Re: using TTML for caption delivery, discussion from Silvia Pfeiffer on 2011-02-13 (public-html-a11y@w3.org from February 2011)

From: Silvia Pfeiffer <silviapfeiffer1@gmail.com>
Date: Sun, 13 Feb 2011 22:24:03 +1100
To: David Singer <singer@apple.com>
Cc: Sean Hayes <Sean.Hayes@microsoft.com>, HTML Accessibility Task Force <public-html-a11y@w3.org>
Message-ID: <AANLkTiniqF7_EFwjJpfNkOFs3-R+TEz9wPEvGdj+=W8r@mail.gmail.com>

On Sun, Feb 13, 2011 at 8:37 PM, David Singer <singer@apple.com> wrote:
>
> On Feb 13, 2011, at 8:23 , Sean Hayes wrote:
>
>> Point 3. Single or chunked delivery
>> Since the typical size of a caption file is only on the order of 10s of Kb, maybe 100Kb or so  for a long form movie, actually receiving it all up front and parsing it in one go isn't that much of a problem, and generally an advantage. The only time it would be an issue is in delivery of live content where you don't know the captions in advance, and as far as I can tell that's not a use case that is supported by the <video> tag  today.
>
> The video tag can point at anything, including RTSP controlled streams, and particularly it can point at chunked-over-HTTP manifest files, and even when pointing at a http: URL for a media file, byte-range access for time ranges can work.  Nothing in HTML says it has to be an http: URL, and nothing says it has to be a simple from-the-beginning simple download.
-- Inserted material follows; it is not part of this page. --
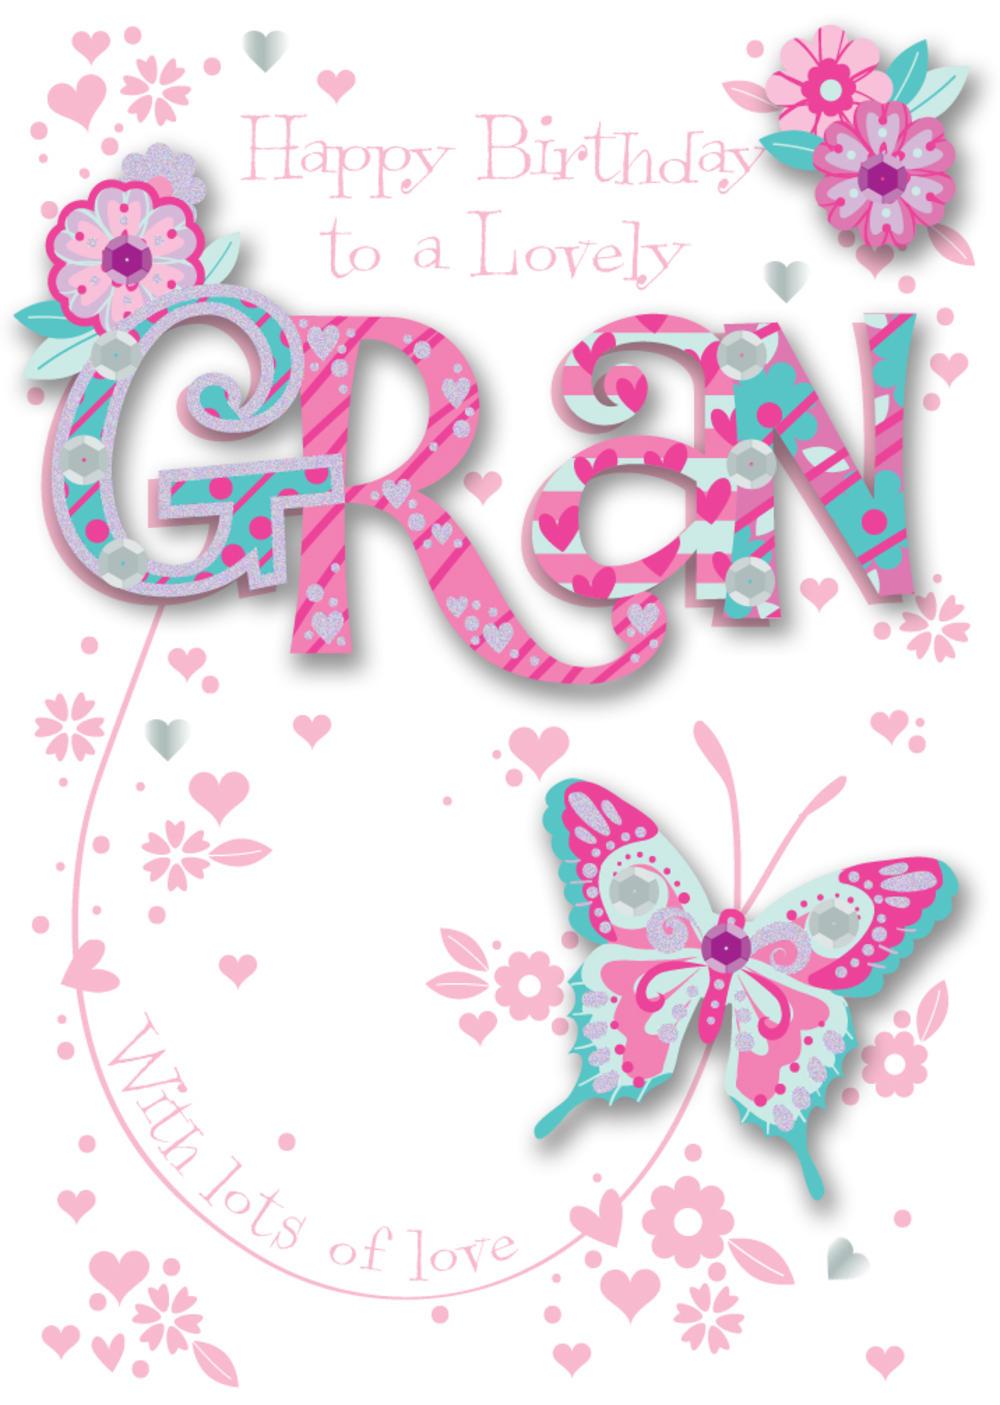 Gran Birthday Embellished Greeting Card
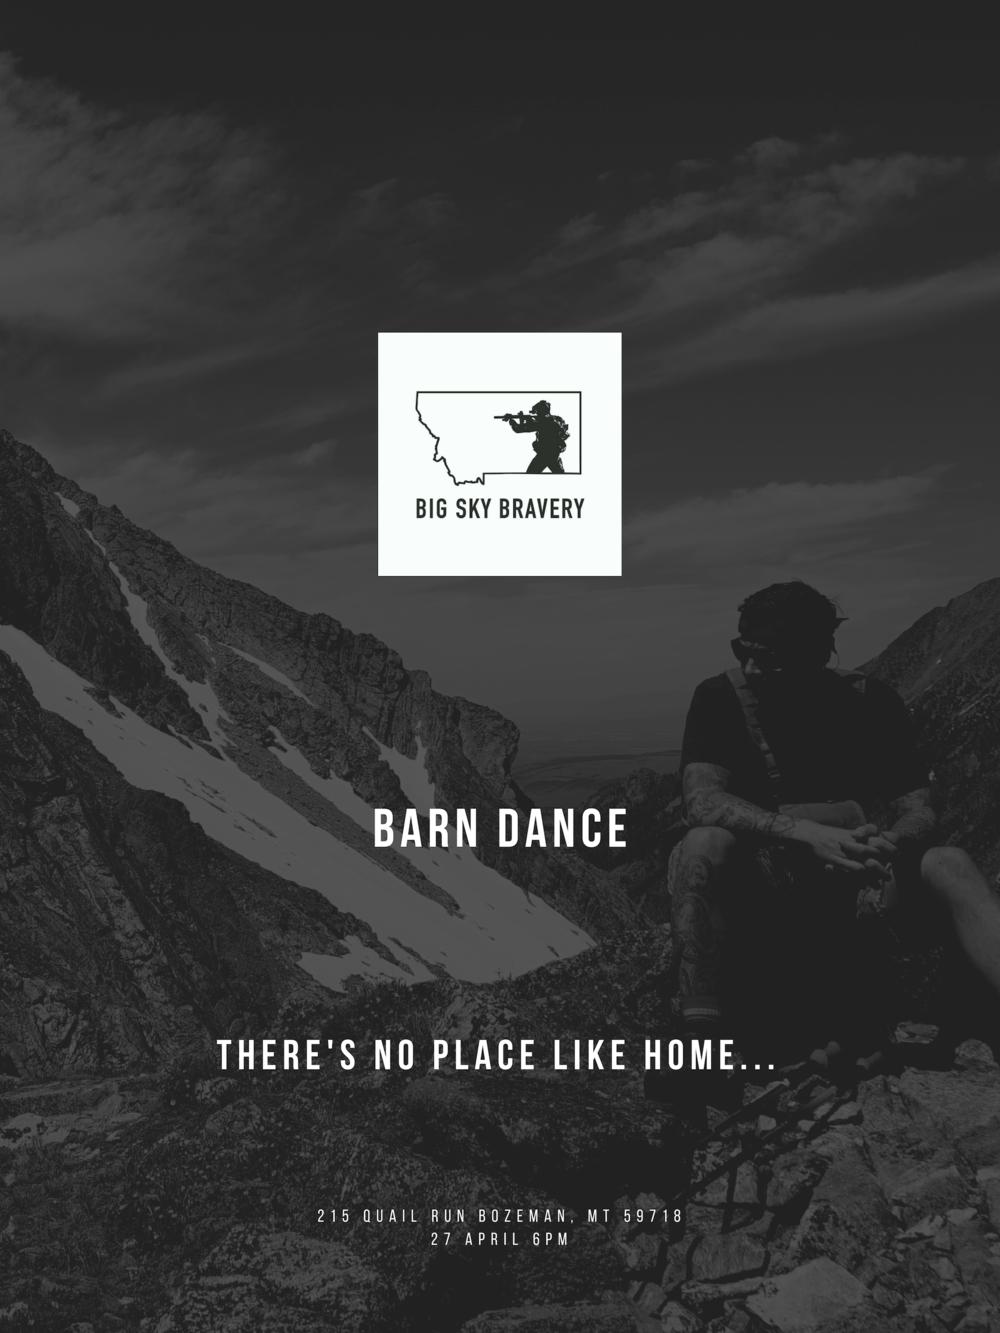 Big sky bravery barn dance.png

I've actually seen the video element in use for live video streaming,
so it's not just theoretically possible, but actually in active use.
We have to make sure we can deliver captions in such scenarios and one
requirement for this is that captions are interleaved with the
audio-visual data in a time-synchronized stream.


>> Integrating TTML into MPEG4 again is fairly easy due to the small size, it can simply all fit in one XML box. Or be delivered as multiple segments in a trak. This has been defined for DECE and could be adopted into MPEG.
>
> Whole documents do sound 'heavy' though.

Not just heavy - they, in fact, make live streaming with live created
captions impossible, since these could only be created interleaved
with the audio-visual data. Delivery in one XML box is definitely not
the best solution for the caption problem.


>> Point 4. Profiles.
>> There is a fairly comprehensive profiling mechanism built into TTML,
>
> but it only seems to allow covering language features, not characteristics of the stream (like, that it's in time order) or other functional aspects (like, CSS styling support), right?
>
>>
>> So I don't believe we actually achieve very much in the real world by trying to make a decision now. In a few years we may be able to see which format is gaining most ground in practice and make a decision then. The thing to do today is to ship HTML5 so that captioning is not precluded, allow pioneering content authors to write caption content in any format they choose, and wait and see how the browser vendors do on implementing <track> natively over time.
>
> Total agreement here.  I have heard rumblings of a suggested mandate for TTML, whereas I would prefer to agree with you and get some experience doing captioning in specific and accessibility support in general before we see mandates.


I assume we are talking about the FCC VPAAC discussion here and not
what we should recommend for HTML5 (given that the deicions of caption
format in the HTML5 spec has been resolved IMHO)? It would indeed be
good if the FCC didn't recommend a format, but rather only specified
requirements that a format has to meet.


Cheers,
Silvia.

Received on Sunday, 13 February 2011 11:24:55 UTC